DL4J includes a `GradientCheckUtil` that performs numerical gradient checking (finite differences) against your analytical gradients.

```java
boolean passed = GradientCheckUtil.checkGradients(new GradientCheckUtil.MLNConfig()
    .net(net)
    .input(input)
    .labels(labels)
    .subset(true)
    .maxPerParam(50));
assertTrue("Gradient check failed", passed);
```

A relative error below 1e-5 is generally considered acceptable.
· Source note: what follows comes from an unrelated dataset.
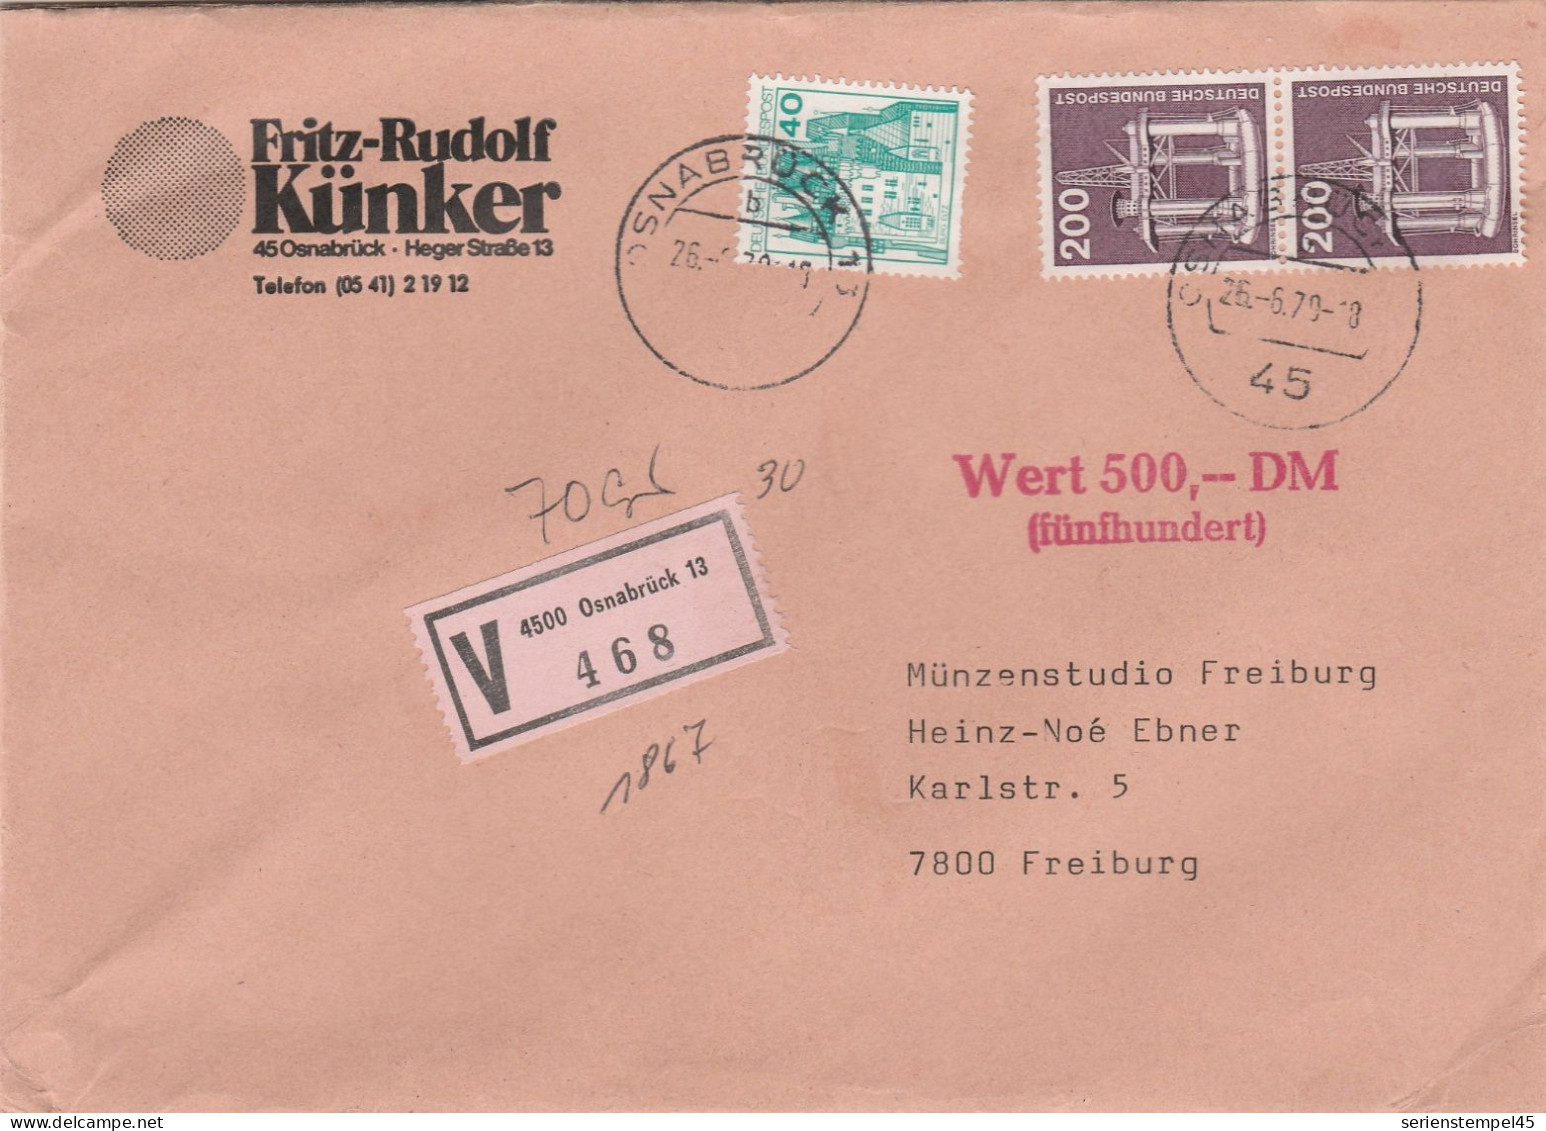 Bund Wertbrief 500 DM Mit V Zettel 4500 Osnabrück 13 Porto 4,40 DM 1979 - R- & V- Labels

SameDiff-backed layers do not require manual gradient checking because backprop is computed automatically. Running the gradient check on them is still useful to verify that the forward pass is correctly implemented.

### 3. Output Shape Test

Confirm the layer produces the expected output shape:

```java
net.init();
INDArray input  = Nd4j.rand(32, 784);  // minibatch=32
INDArray output = net.output(input);
assertArrayEquals(new long[]{32, 10}, output.shape());
```

***

## Complete SameDiff Layer Example

The following example implements a simple gating layer that multiplies two linear projections element-wise (similar to a Gated Linear Unit).

```java
public class GluLayer extends SameDiffLayer {

    private int nIn;
    private int nOut;

    protected GluLayer() { }

    public GluLayer(int nIn, int nOut) {
        this.nIn  = nIn;
        this.nOut = nOut;
    }

    @Override
    public Map<String, long[]> defineParameterShape(InputType inputType,
                                                     int minibatchSize) {
        Map<String, long[]> m = new LinkedHashMap<>();
        m.put("W1", new long[]{nIn, nOut});
        m.put("W2", new long[]{nIn, nOut});
        m.put("b1", new long[]{1, nOut});
        m.put("b2", new long[]{1, nOut});
        return m;
    }

    @Override
    public void initializeParameters(Map<String, INDArray> params) {
        initWeights(nIn, nOut, WeightInit.XAVIER, params.get("W1"));
        initWeights(nIn, nOut, WeightInit.XAVIER, params.get("W2"));
        params.get("b1").assign(0.0);
        params.get("b2").assign(0.0);
    }

    @Override
    public SDVariable defineLayer(SameDiff sd,
                                  SDVariable input,
                                  Map<String, SDVariable> p,
                                  SDVariable mask) {
        SDVariable linear  = input.mmul(p.get("W1")).add(p.get("b1"));
        SDVariable gate    = sd.nn.sigmoid(input.mmul(p.get("W2")).add(p.get("b2")));
        return linear.mul(gate);
    }
}
```

This layer is immediately usable in any `MultiLayerConfiguration` and supports all standard DL4J features including model serialization, distributed training, and the training UI.